Roughly 2,000 U.S. Postal Service workers gathered Downtown on Tuesday to call attention to mail delivery services they believe face an existential threat under the Trump administration.
The rally, organized by the American Postal Workers Union, protested a forthcoming report from the White House that will likely recommend the privatization of the Postal Service, which critics say has lost money and struggled with the rise of electronic communication.
The union argued that privatization would bring an end to universal service, leading to higher prices, unequal treatment of Americans in rural areas and an undoing of the agency’s heritage.
“The American people should not tolerate selling off a national treasure to corporate pirates who will cut postal service, raise prices and destroy good-paying jobs,” said Mark Dimondstein, president of the APWU, which represents 200,000 U.S. Postal Service workers. The union is holding its national convention this week at the David L. Lawrence Convention Center.
Mr. Dimondstein said the e-commerce industry was at stake.

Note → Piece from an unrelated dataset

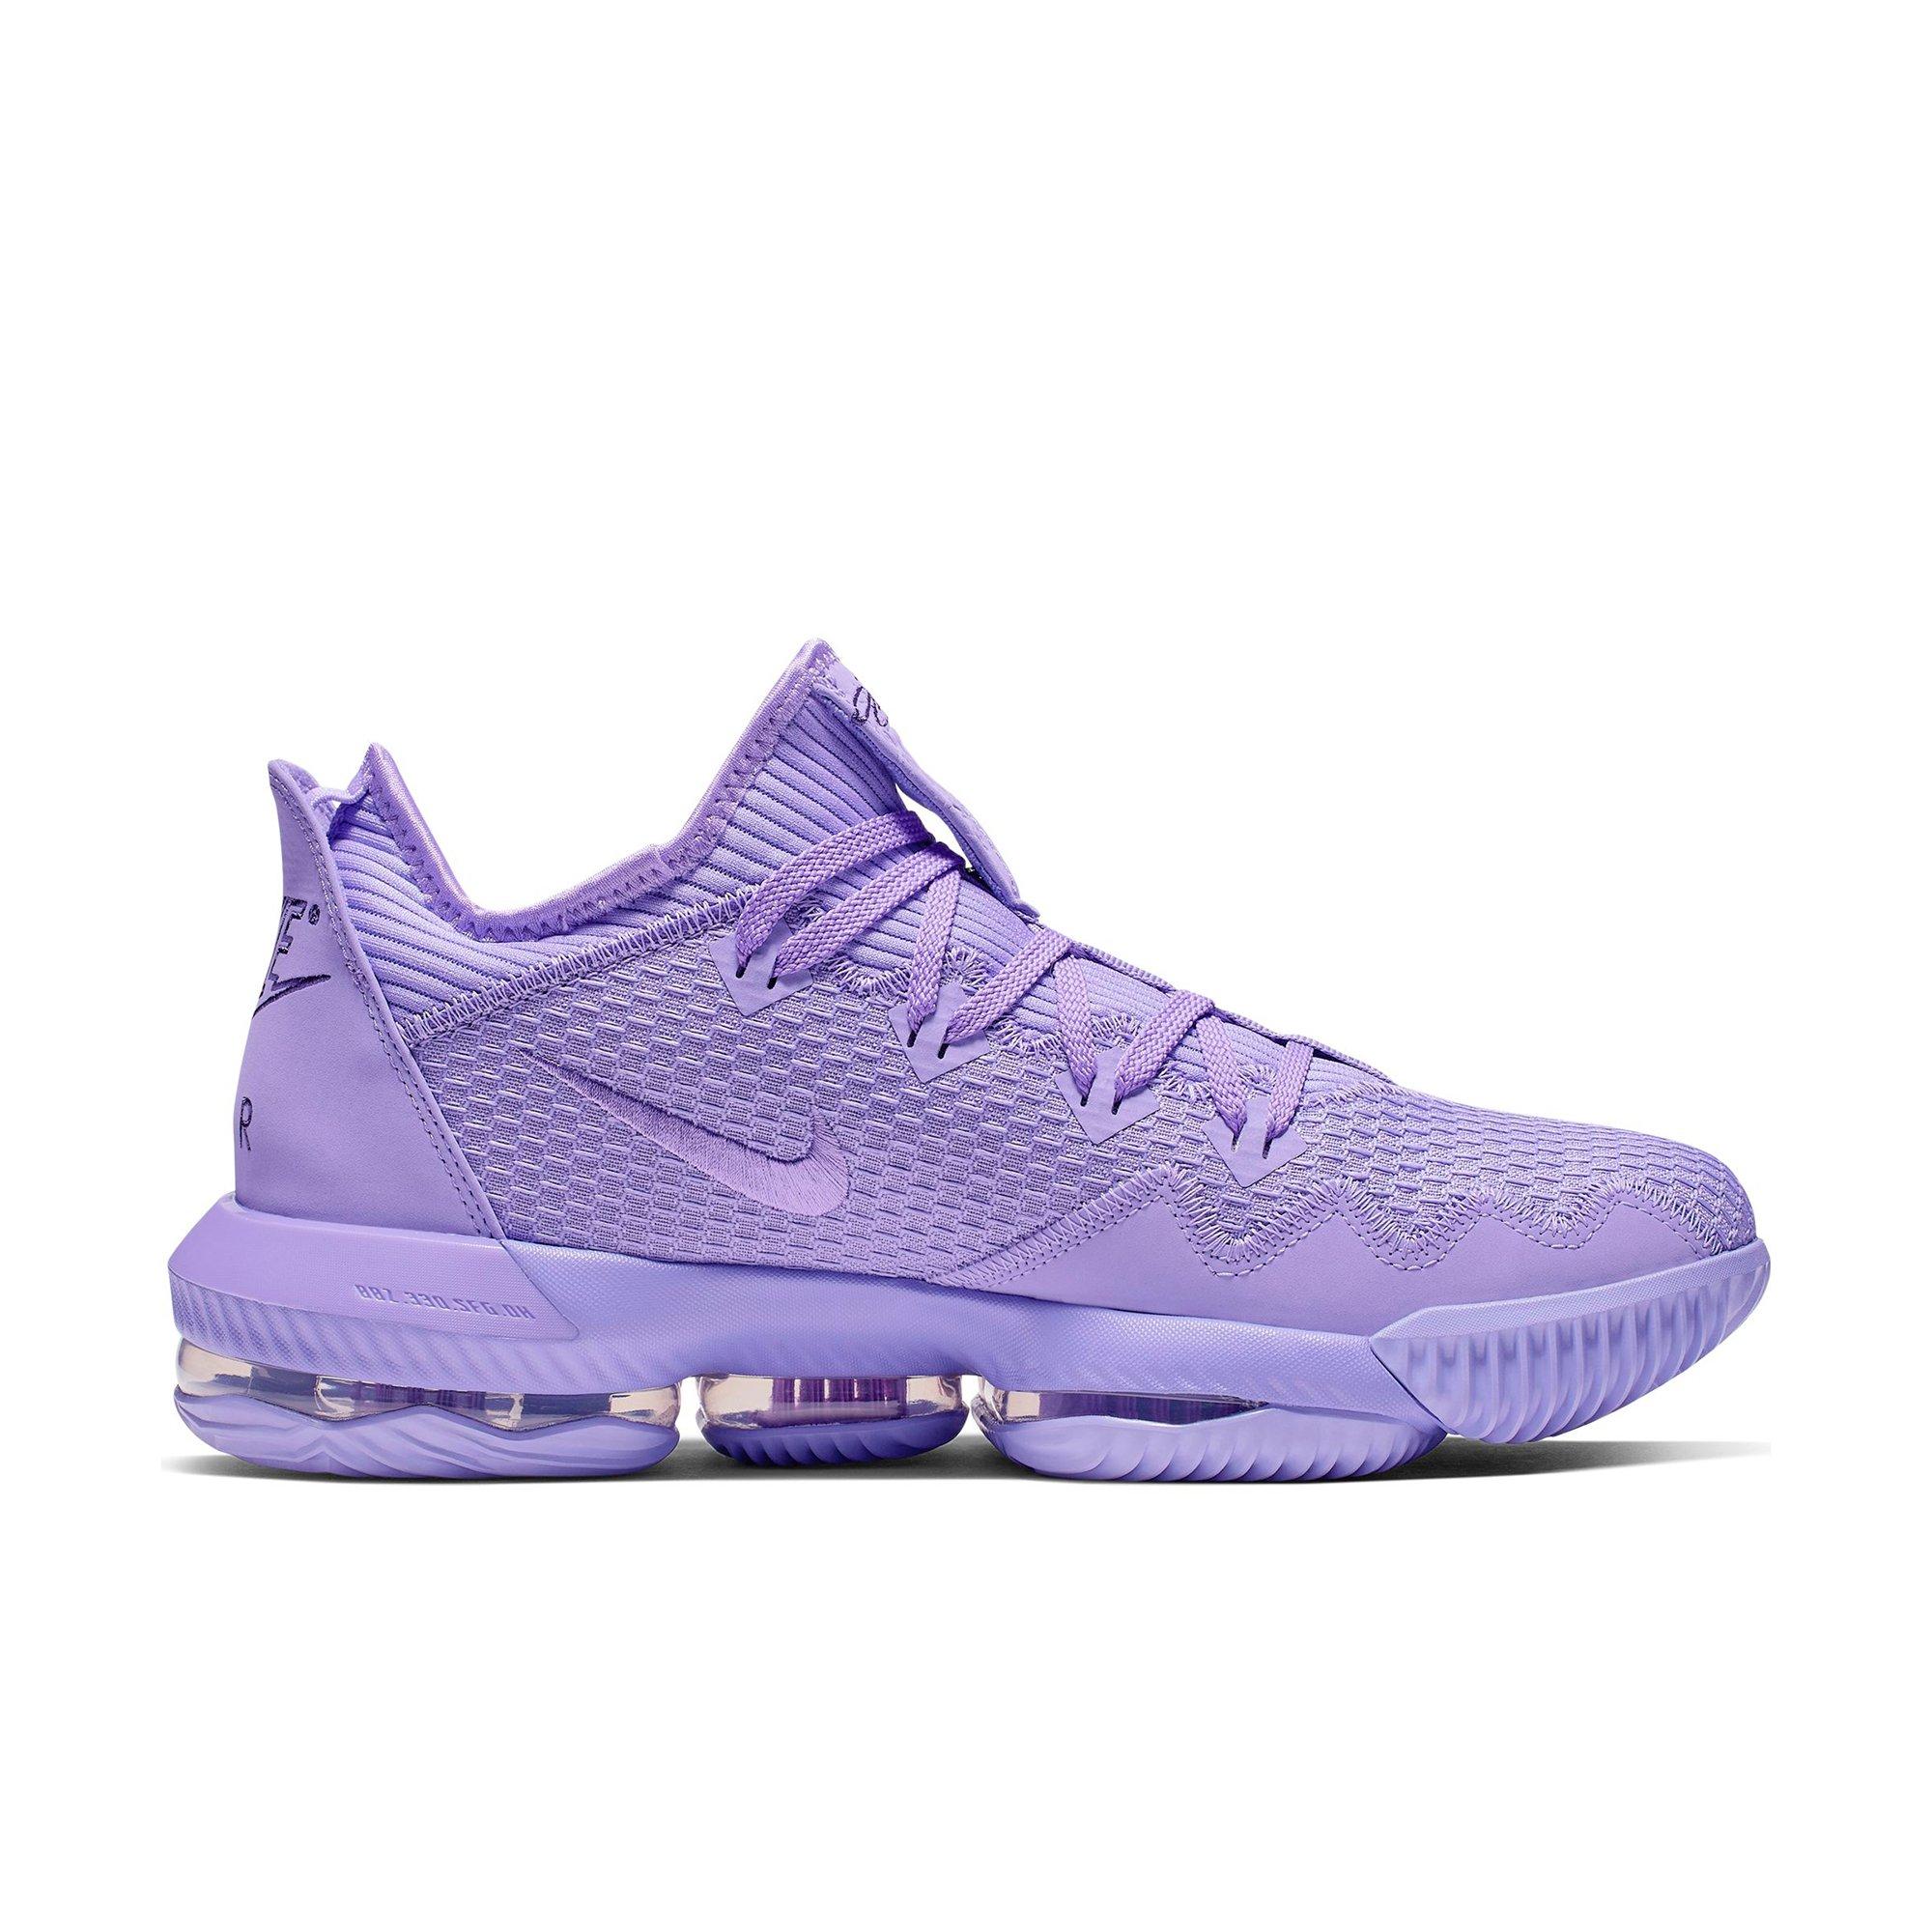 lebron purple sneakers

“It’s easy to click on a website to make a purchase, but to deliver packages to every possible address in America — no matter how distant — thousands of companies and tens of millions of consumers depend on hard work of the women and men of the U.S. Postal Service,” he said.
This is not the first time the government has looked at ways to reorganize the Postal Service, which has struggled to fund operations with the rise of electronic communications. The service reported a net loss of $2.7 billion in 2017 and has lost a total of $65.1 billion in the last decade.
But the union argued much of those losses are because of a 2006 congressional mandate that required the Postal Service to fund future retirees’ health benefits — to the tune of about $5 billion a year through 2017.
The reported numbers “have nothing to do with reality,” said Mr. Dimondstein, who insisted the service’s operational finances are strong. “It’s a way to create this climate that there’s all this financial hardship.”
In 2006, as the internet ate away at traditional mail volumes and revenue, Congress ordered the agency to review ways to restructure. A report by the Postal Regulatory Commission, which oversees the Postal Service, recommended against cuts to universal service or selling off assets to private companies or nonprofits.
The reasons behind the current review are a little murkier.
President Donald Trump, who has targeted federal agencies for widespread cuts since coming into office, called out the Postal Service in a tweet in April for losing a “fortune” to Amazon and promising “this will be changed.” Mr. Trump has escalated a personal feud with Amazon CEO Jeff Bezos, who also owns The Washington Post.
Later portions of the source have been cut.